# Why the hell do we have this shit in the first place?



## roadt2recovery (Aug 27, 2013)

What kind of fucked up defense mechanism kind of bullshit is this, this dp has taken over my life, fucked me up in so many ways now, I can't even sleep properly at all, my days don't even have a feel to it, everyday I'm just feeling this same old doom feeling which seems to sink in deeper everyday, it's actually disgusting the way I feel, I don't know why I have to suffer with this bullshit, I don't know we all have to suffer with this to be honest, wow, we got stressed a little, the fuck does it have to manifest into this bullshit, I see people my age with the same problems I got, but they don't have this shit on their shoulders 24/7, they're just going about their day, living life, etc. But because we get a little stressed, it turns into this shit, sorry i'm just venting here, this bullshit has actually ruined my life. What the fuck.

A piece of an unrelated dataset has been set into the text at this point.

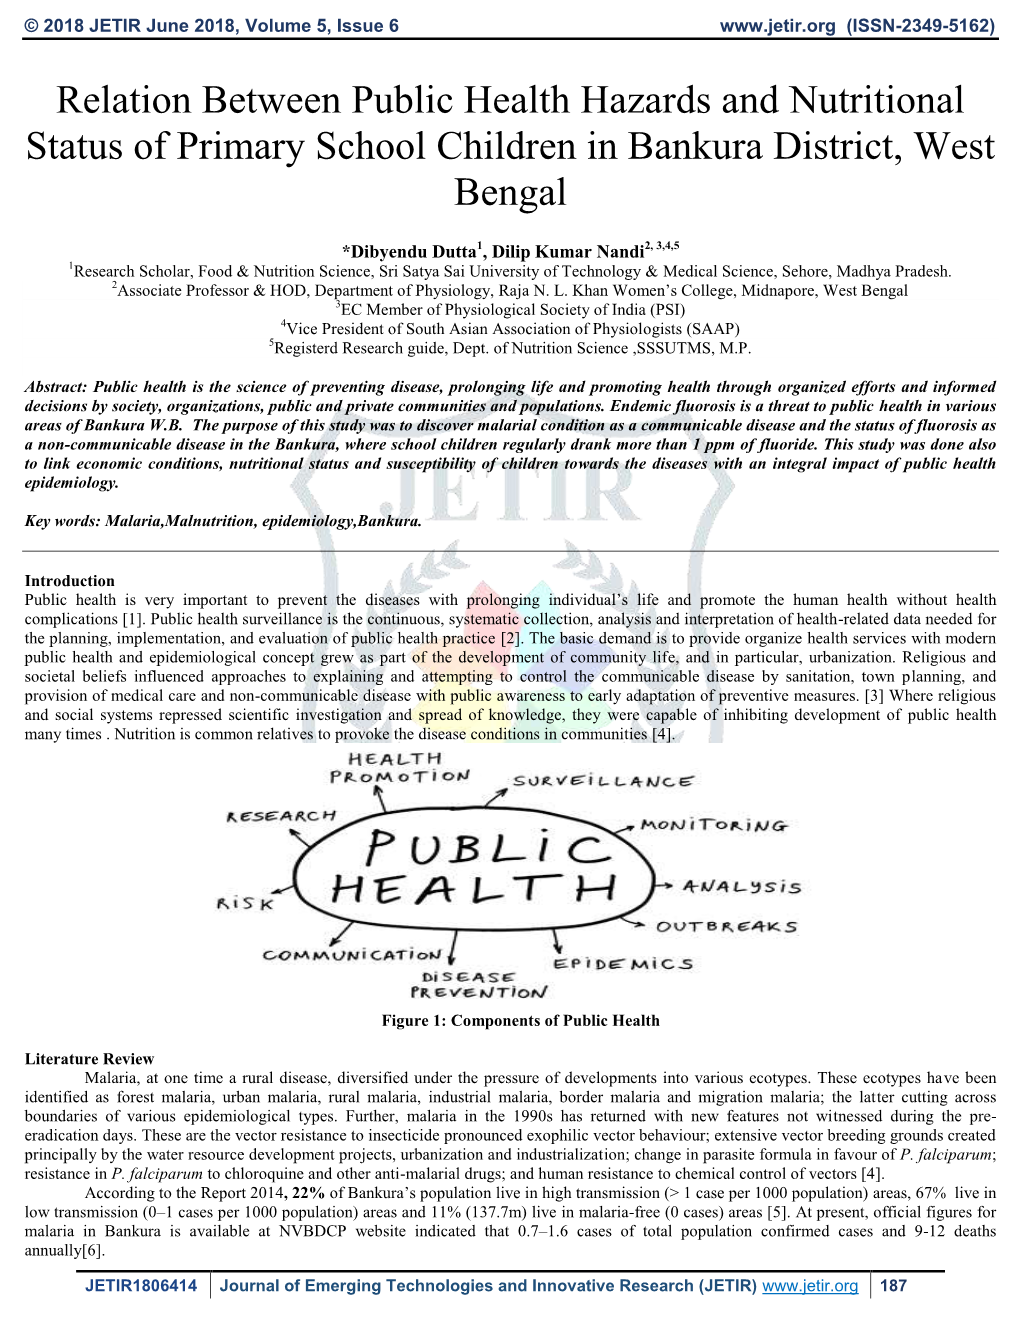 Relation Between Public Health Hazards and Nutritional Status of Primary School Children in Bankura District, West Bengal

I'm not even anxious about it, not in the panicky sense, this has just taken over me that I have just gone so used to it, that it's slowly sinking in deeper everyday, this is the most pointless condition ever, what the fuck, I'm just bombarded with existential thoughts and the worst of it all, the existential feelings that I can't even shake off, it's with me 24/7 wherever I go.

I hope we all get out of this one day.


----------



## Abaddon (Jan 3, 2014)

I'm with you on that.
This "defense mechanism" is probably killing me faster than whatever triggered it in the first place.


----------



## missjess (Jun 1, 2012)

I hear ya!! Absolutely it is a terrible disorder ....to not even get a break from it I'd rather work on a personality disorder then this shit at least they still have there emotions ...


----------



## roadt2recovery (Aug 27, 2013)

missjess said:


> I hear ya!! Absolutely it is a terrible disorder ....to not even get a break from it I'd rather work on a personality disorder then this shit at least they still have there emotions ...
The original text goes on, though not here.